DATASET CONTENT:
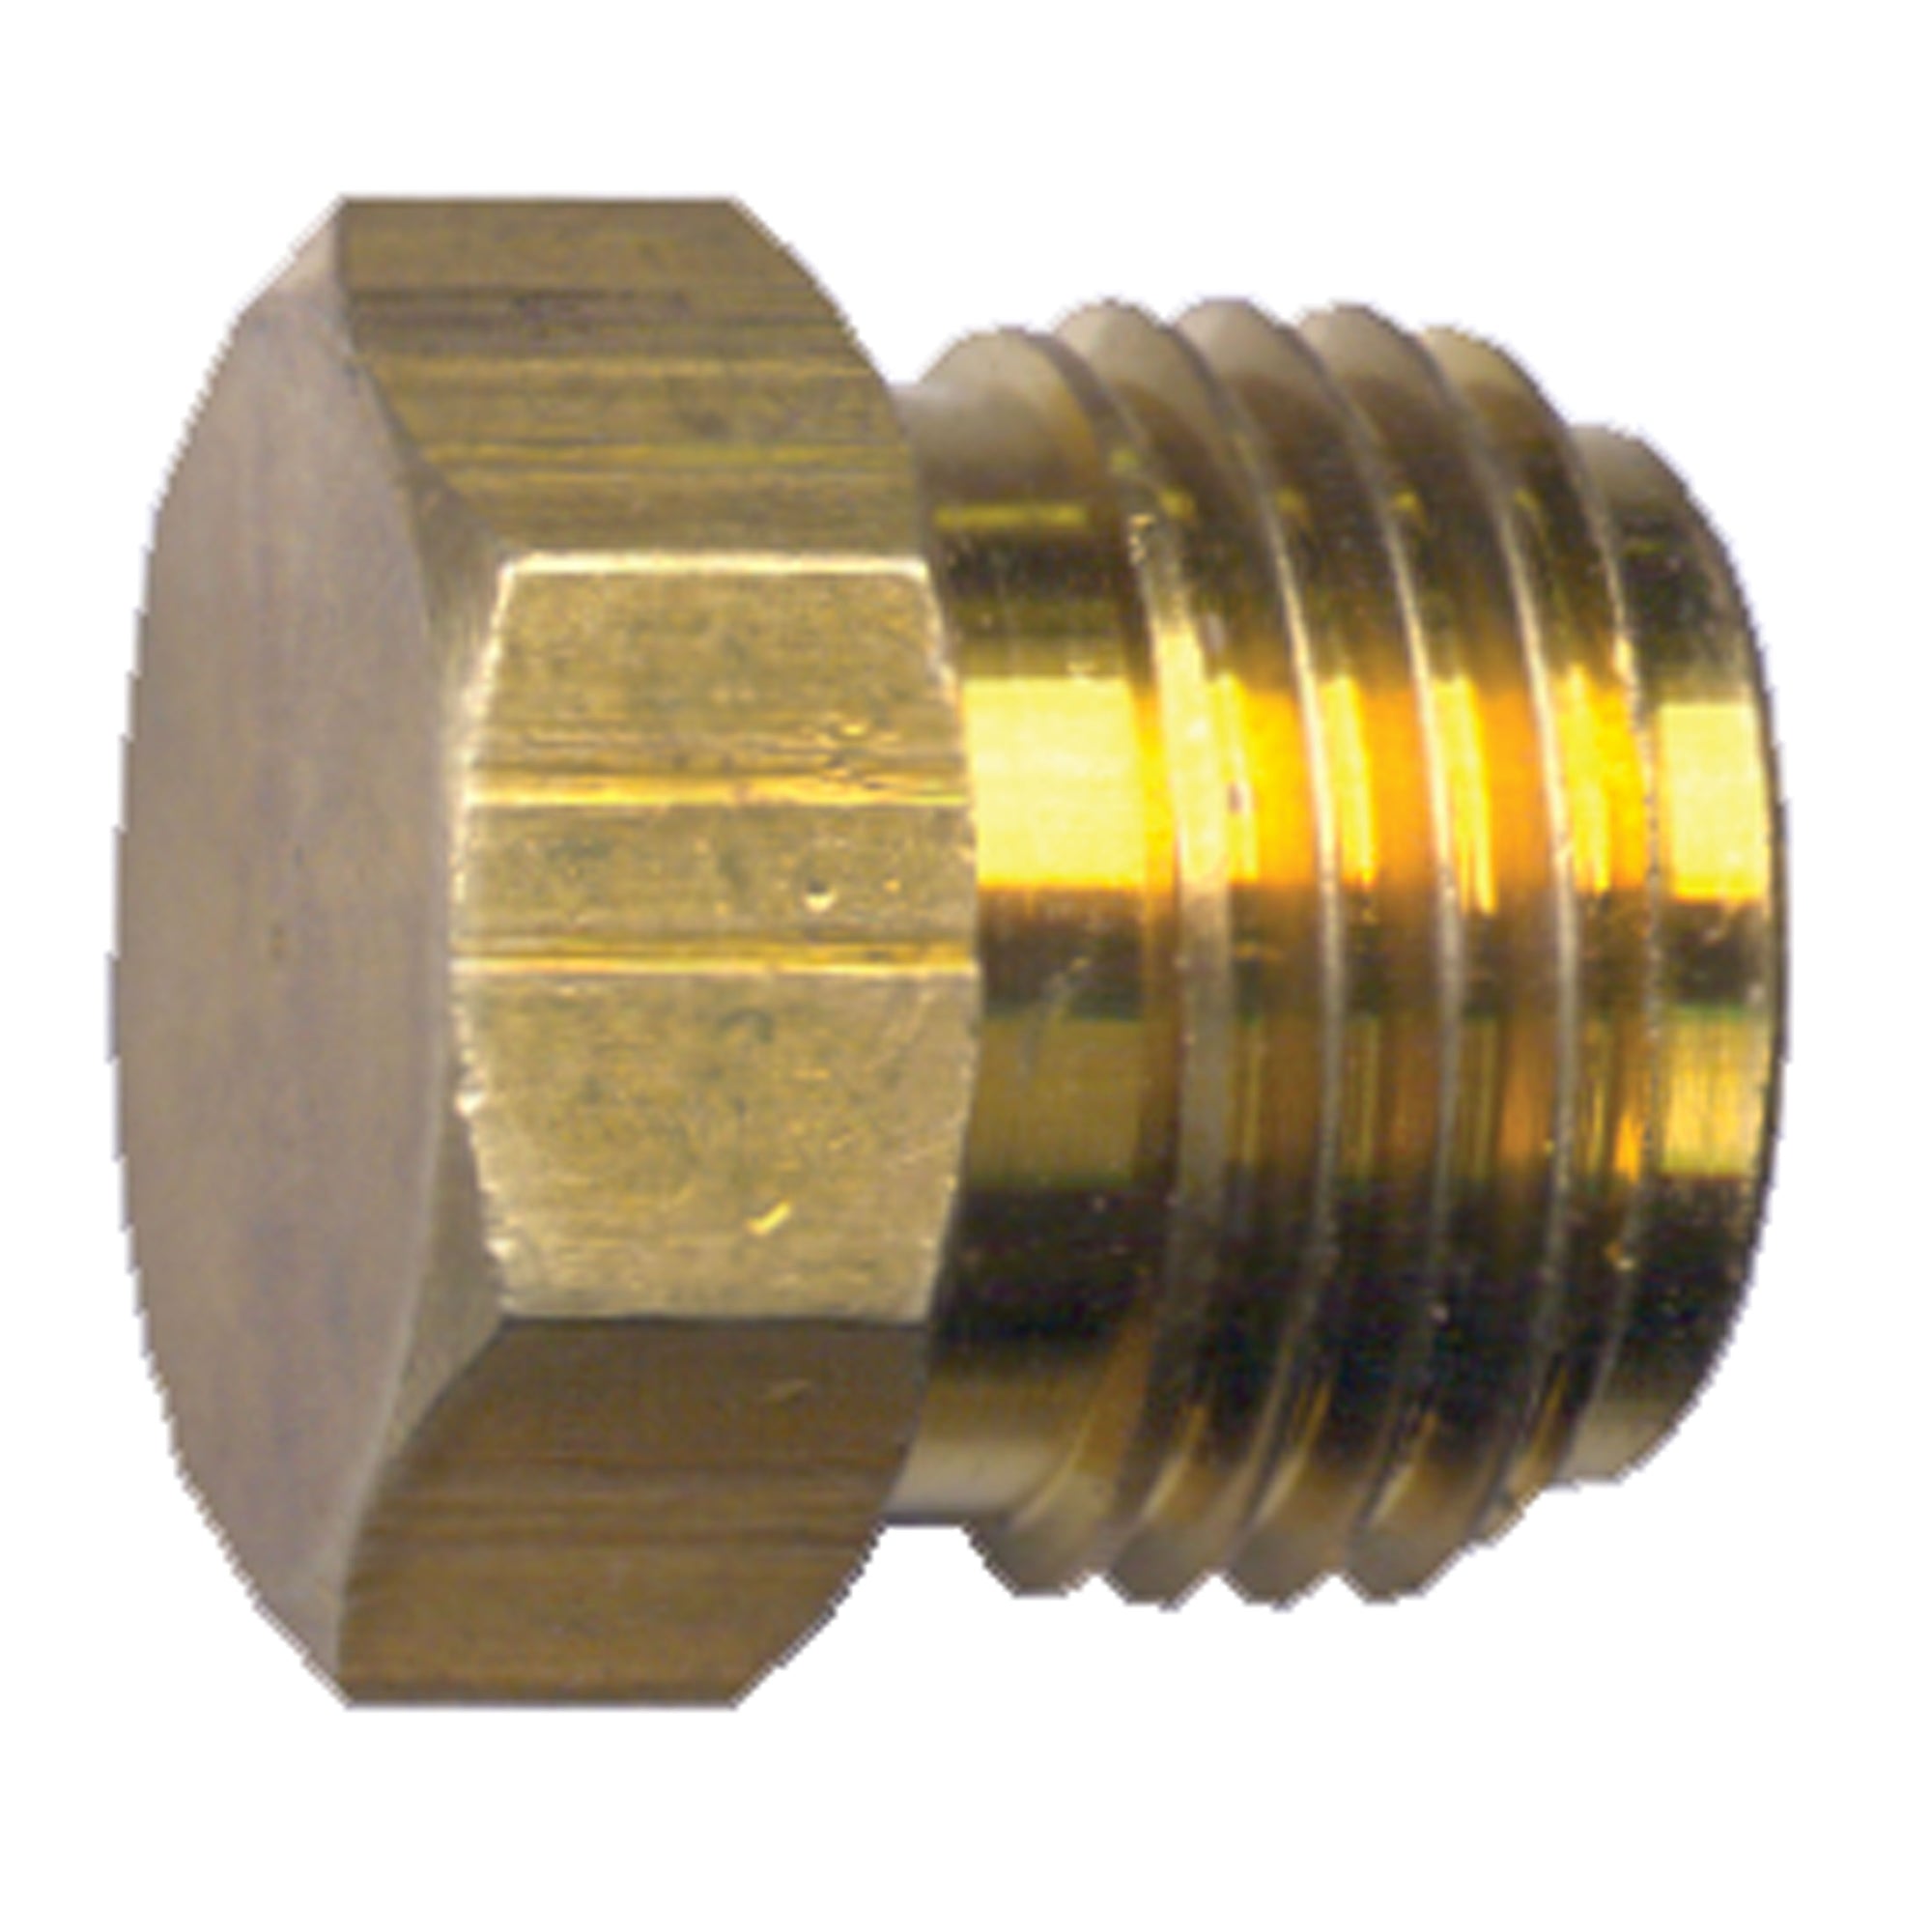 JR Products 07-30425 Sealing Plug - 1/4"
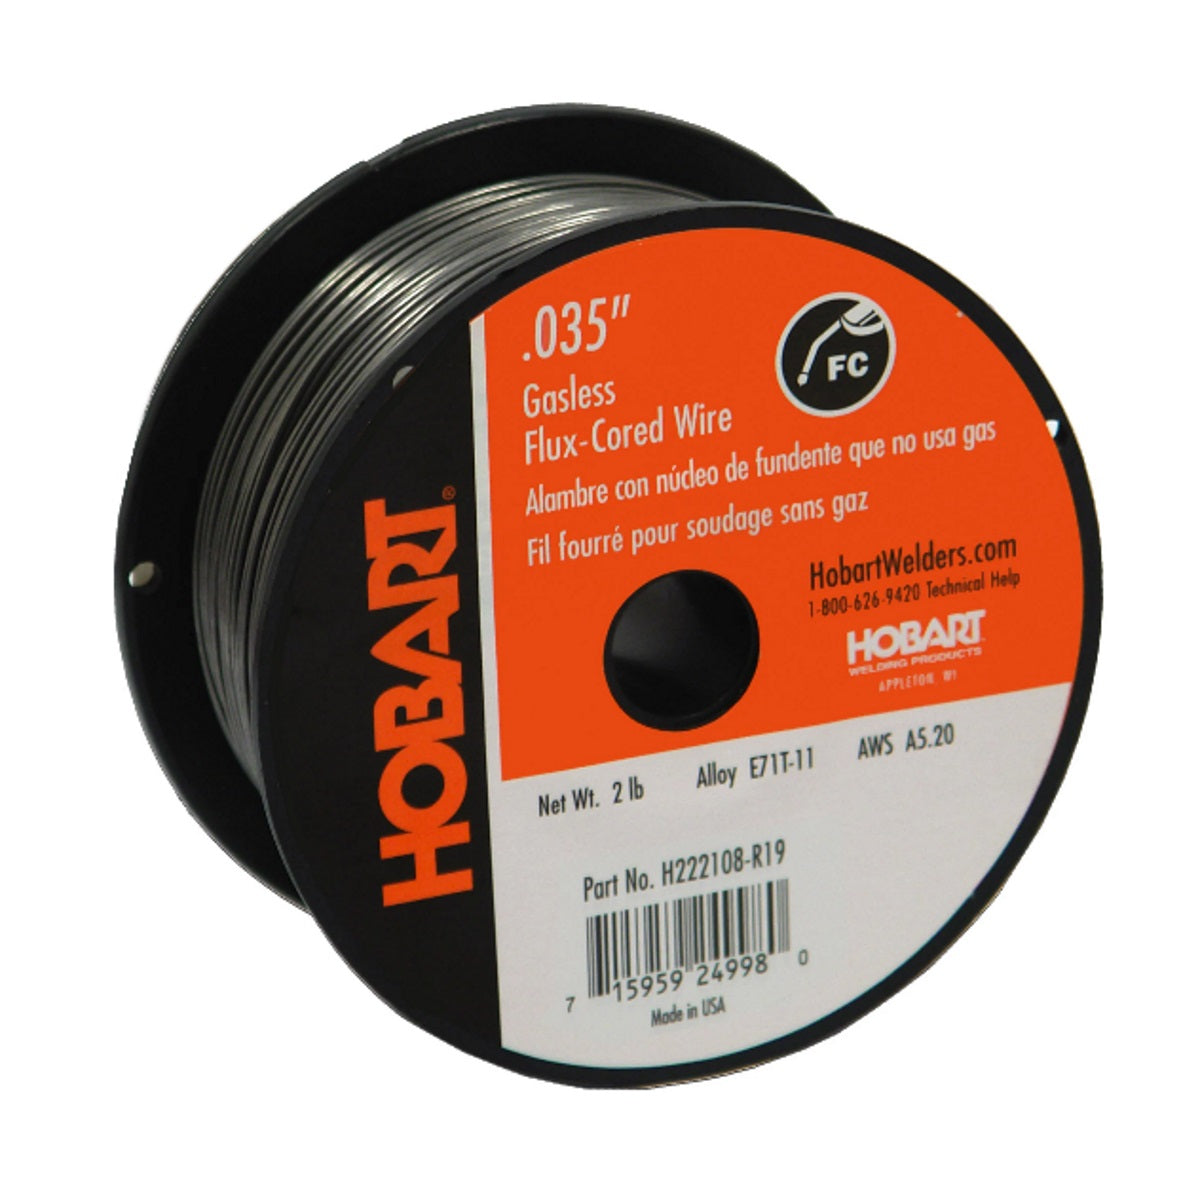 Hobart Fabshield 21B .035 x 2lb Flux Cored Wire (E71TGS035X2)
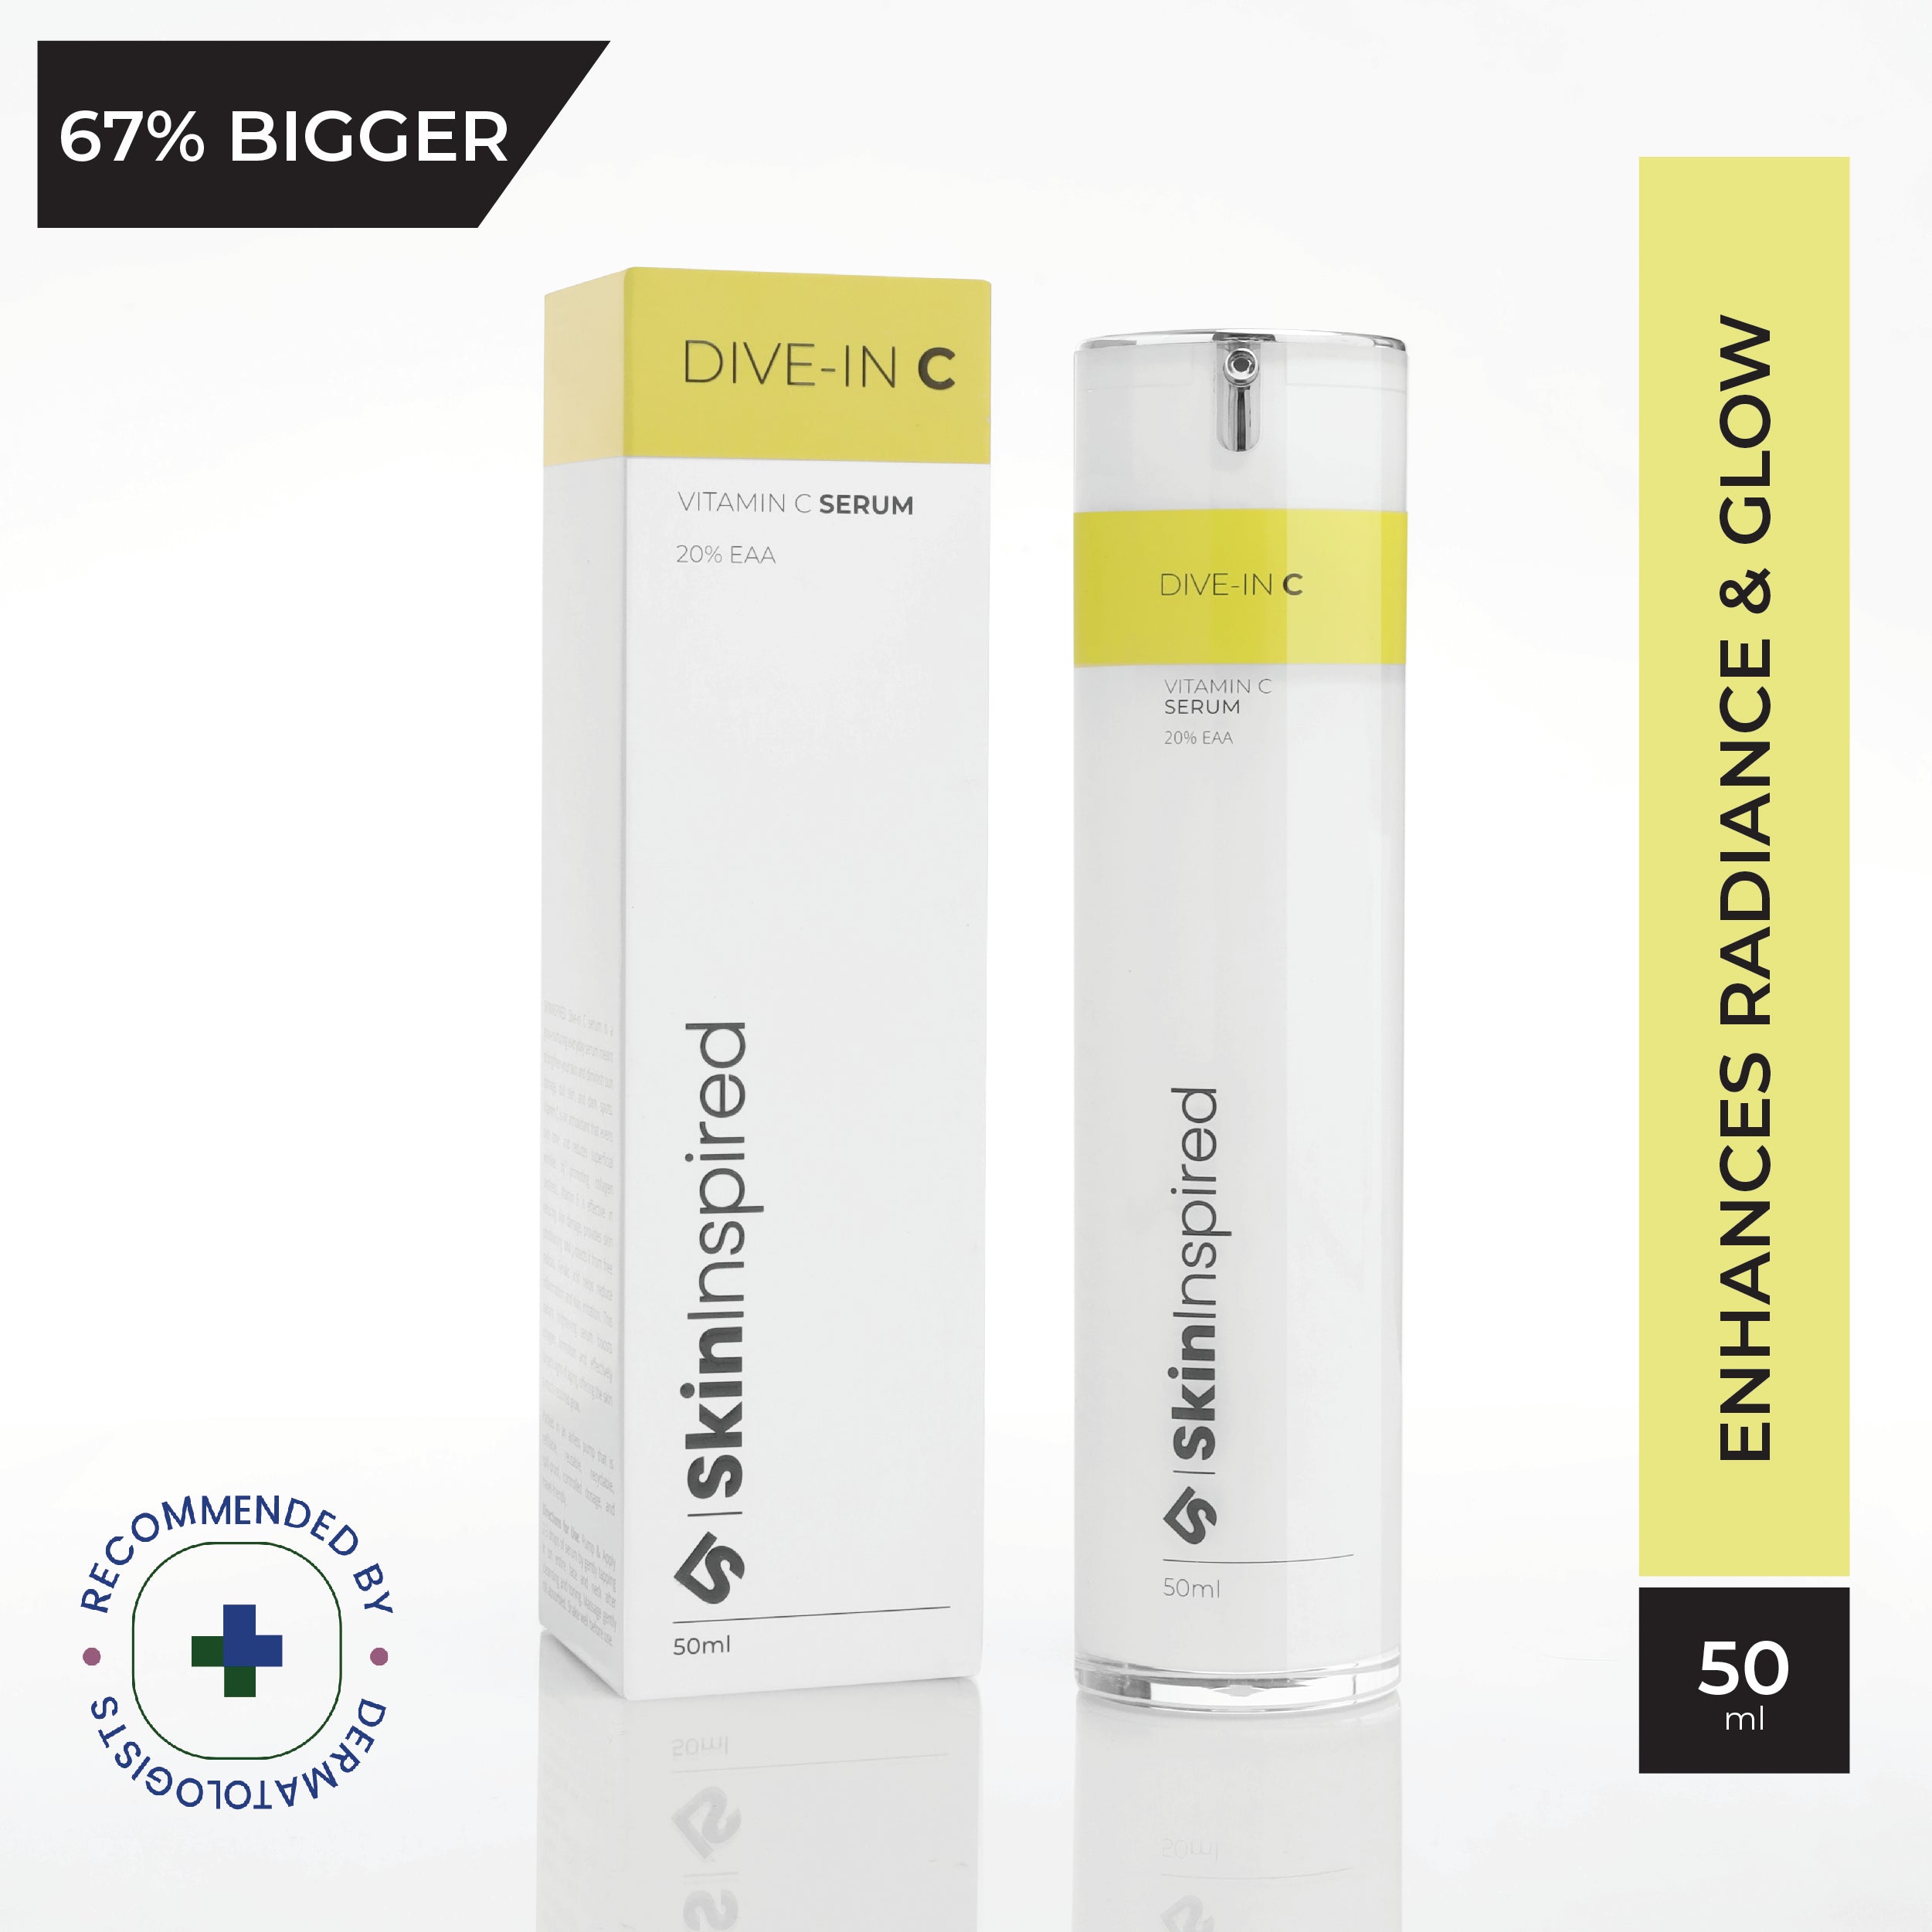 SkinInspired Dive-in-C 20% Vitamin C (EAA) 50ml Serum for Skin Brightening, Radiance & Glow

DESCRIPTION OF THE TASK:
Where the material contains pictures, leave them out and copy the rest verbatim.

ANSWER TO THIS PROBLEM:
 JR Products 07-30425 Sealing Plug - 1/4"
 Hobart Fabshield 21B .035 x 2lb Flux Cored Wire (E71TGS035X2)
 SkinInspired Dive-in-C 20% Vitamin C (EAA) 50ml Serum for Skin Brightening, Radiance & Glow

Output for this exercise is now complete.